Wednesday, July 24, 2013

Pate Chaud

Baguettes, shallots, asparagus, croissants and many, many other food items now popular in Vietnam can be attributed to the French.  For slightly over 150 years, Vietnam was colonized by the French (outside of a brief period of Japanese occupation during World War II), and the influence on the local cuisine is unmistakable.  

The wonderful desserts and breads directly reflect French influence, and one of my favorite French/Vietnamese snacks is the Banh Pate So, which is from the long ago used French term of Pate Chaud meaning hot pie or hot pastry.  Pate in French now refers to meat, so this term could be misunderstood, but the Vietnamese term refers to so and chaud being pronounced identically, and banh and pate both mean pastry.  So it is an interesting backstory on the terminology of the dish.  Enough on the linguistics lesson, let's eat!

Banh Pate So- Pate Chaud- Hot Pie
 3 oz dried wood ear mushrooms
1.5 oz bean thread vermicelli
2 lbs. ground pork
3 shallots minced
2 tbsp fish sauce
1 tbsp light soy
2 tsp black pepper
puff pastry
2 eggs beaten
1 cup beer

Preheat oven to 350 degrees.  Soak the wood ear mushroom and vermicelli in separate bowls of water for about 20 minutes until soft.  If the wood ear is in larger pieces, then thinly slice.  Cut the vermicelli into pieces about 1 inch long.  Thoroughly mix the pork, wood ear, vermicelli, shallots, fish sauce, soy and pepper.  If you overwork the meat then you will get a tougher filling, so be gentle.  Using a large biscuit cutter (about 4 inches in diameter), punch out large circles of puff pastry.  Form meatballs with the filling and place in the center of the pastry.  Brush the edges with some beer and place another piece of pastry on top.  Gently press down and use a fork to seal the edges.  Repeat until the pastry is gone.  If you have extra filling, you can use it in Vietnamese egg rolls (which will be a blog for another day!)  Brush the pastry tops with egg and bake until golden brown.

Custom plates by Gerald Haessig

In honor of arguably my favorite Vietnamese food item, I rocked to some Guns 'N Roses and Appetite for Destruction!  Possibly the best album of the 80s and maybe the best debut album of all time, in my opinion, the band was never able to reach this zenith again.  Songs like "Mr. Brownstone", "Think About You", and "Rocket Queen" stand the test of time and could blend in with today's top rock acts.  "Sweet Child 'O Mine" might be the best monster ballad in the history of MONSTER BALLADS!  An  disagrees that this song is a monster ballad...what say you?  Seriously, who doesn't immediately know Slash's guitar riff?  Too bad Axl had to break it all down, but give this album a listen and come back and discuss this with me!

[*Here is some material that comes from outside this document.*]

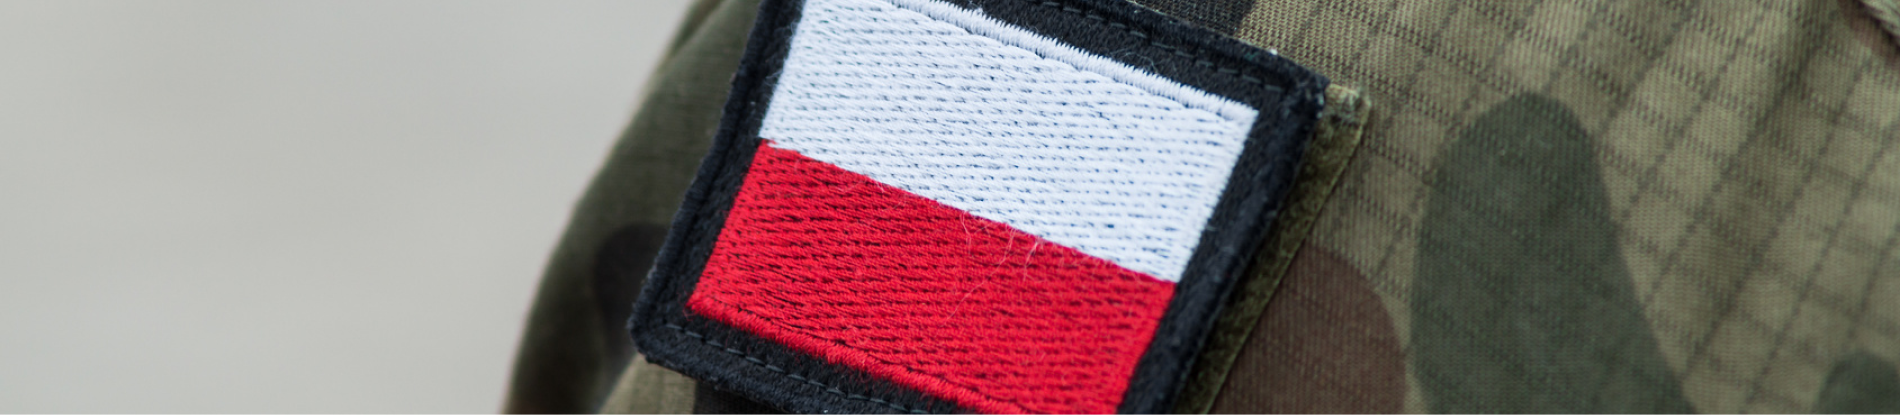 Zbliżenie na flagę Polski znajdującą się na mundurze na ramieniu.

My beverage of choice was a wonderful Ca Phe Sua Da.  The Vietnamese version of iced coffee is sweet and filled with a wonderful kick!  I make my own slow drip cold coffee with either French Market, CDM, Trung Nguyen, or Cafe de Paris.  Pour some condensed milk in the bottom of a glass, and top it with coffee and stir well.  Add ice and enjoy!